天边的那弯新月渐渐偏西,东方现出一抹瑰丽的朝霞,晚晚才终于疲惫的睡了过去。
醒过来时已是上午十点多,第一件事就是去看楚元策。
护工买了早餐回来,硬要她吃完才能去,晚晚无法,只得喝了小半碗米粥。
赶到15楼时,楚元策病房里聚着好几个人。
楚承、楚依、顾成丰、楚小乔,大家都在。
楚元策自始至终脸色都十分的淡,他们说什么,他就默默听着,不问话不插嘴,惜字如金冷漠淡然的性子,和她刚开始遇到他时一模一样。

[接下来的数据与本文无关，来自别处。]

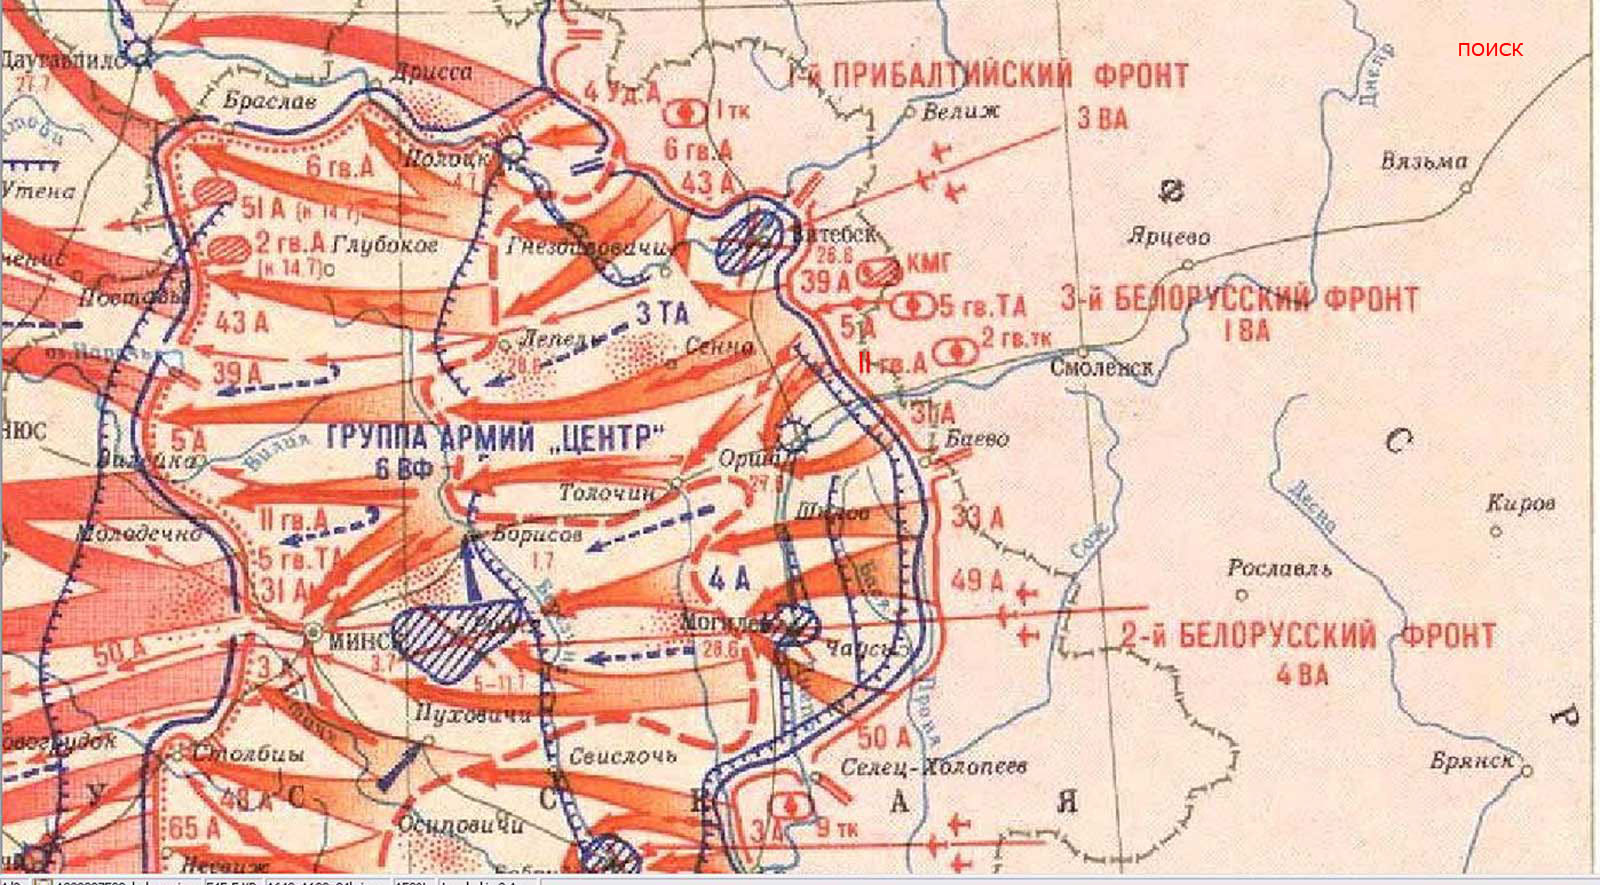 Операции 3 белорусского фронта. Белорусская операция («Багратион») операция карта. Белорусская операция 1944 фронты. Операция Багратион 1 белорусский фронт. Карта освобождения Белоруссии в 1944 году.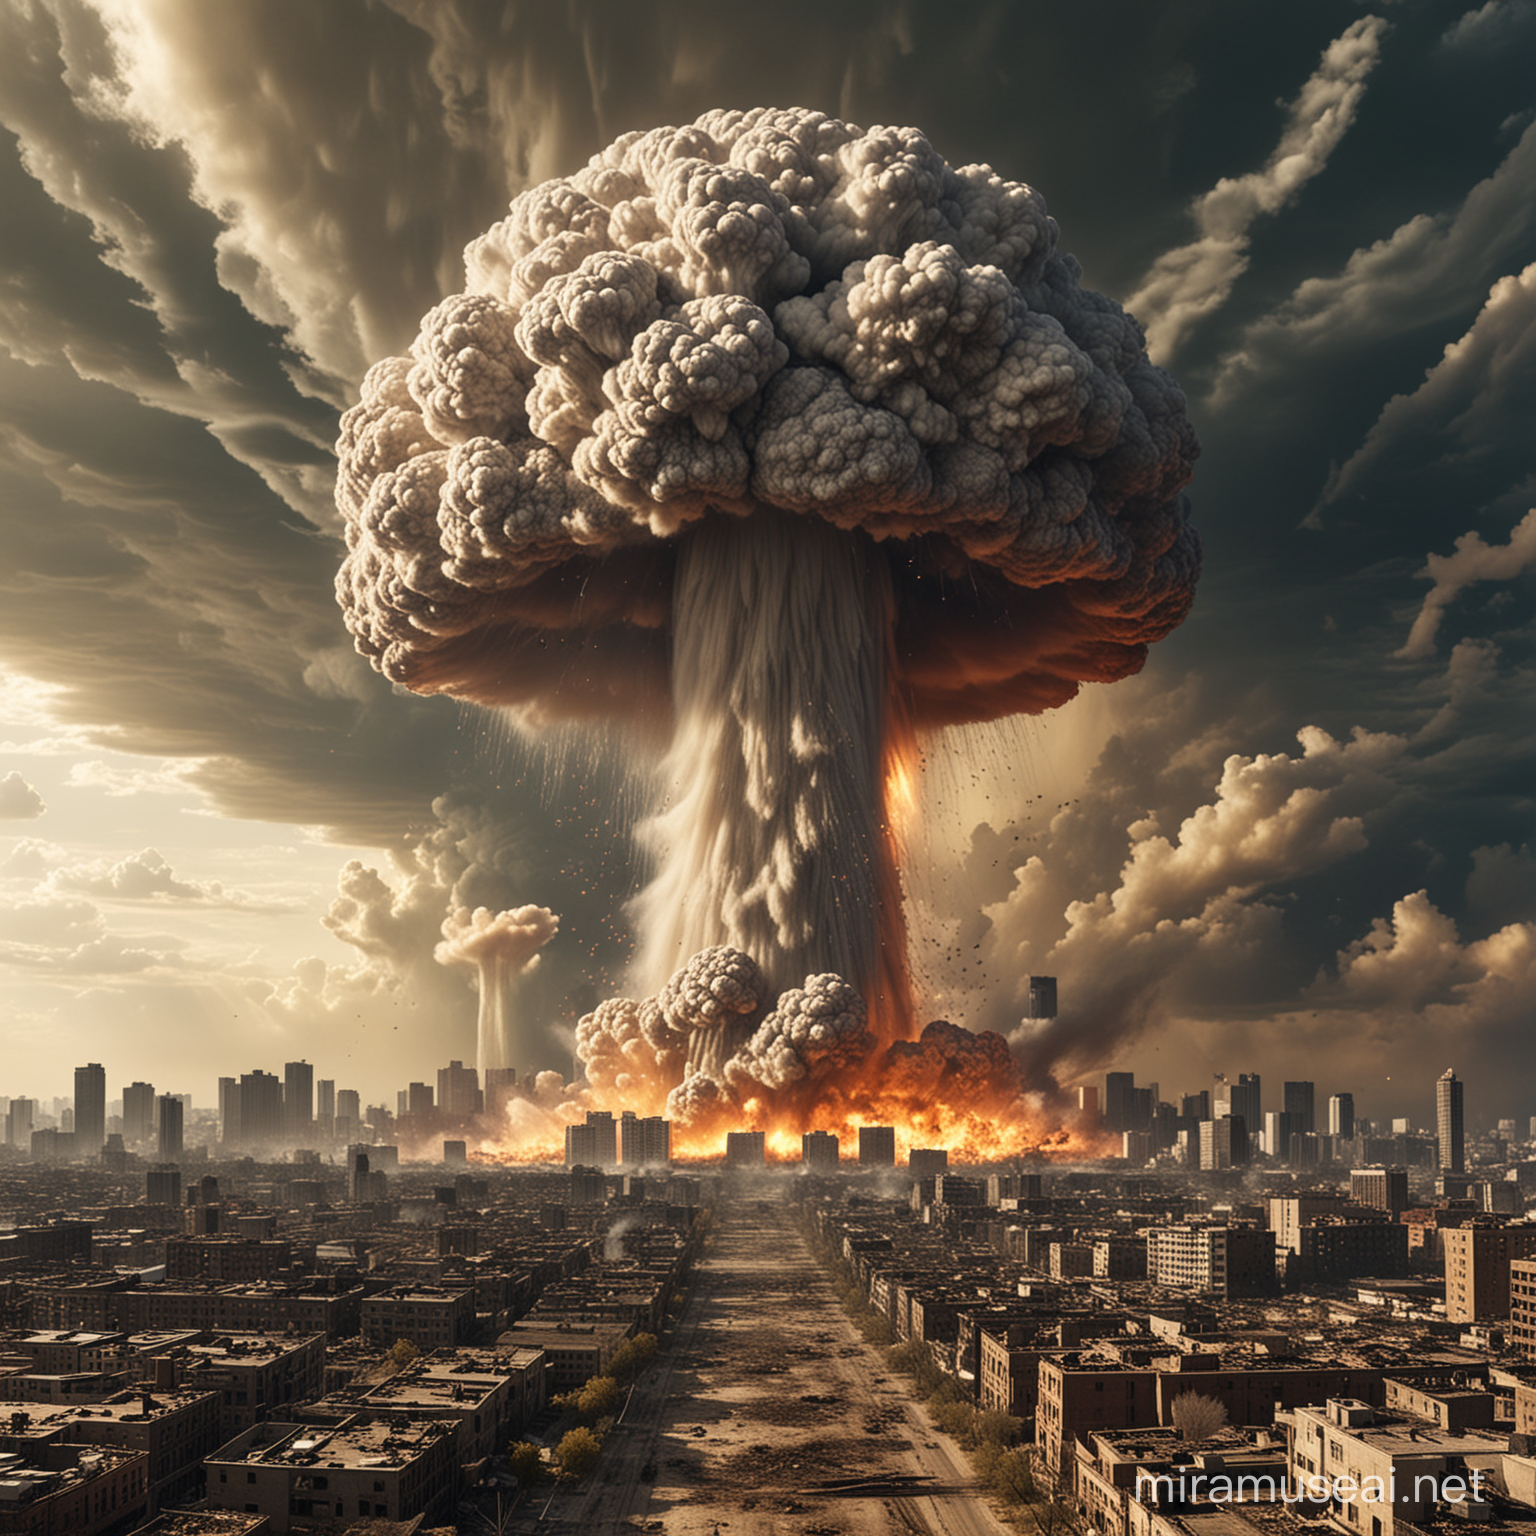 Urban Devastation Nuclear Blast Creates Mushroom Cloud Over City

“阿策,你是不是还有哪里不舒服?”楚依看不下去,关切的问。
楚元策抬起头,淡淡的开口:“没有,我有点累,你们先回去吧。”
和昨晚打发她和徐洋的那句异曲同工。
处在失忆困扰中,他一定十分不安。但他是十分要强的一个人,更何况,若是让楚善那边抓住他失忆的把柄,只怕又会招来不必要的麻烦。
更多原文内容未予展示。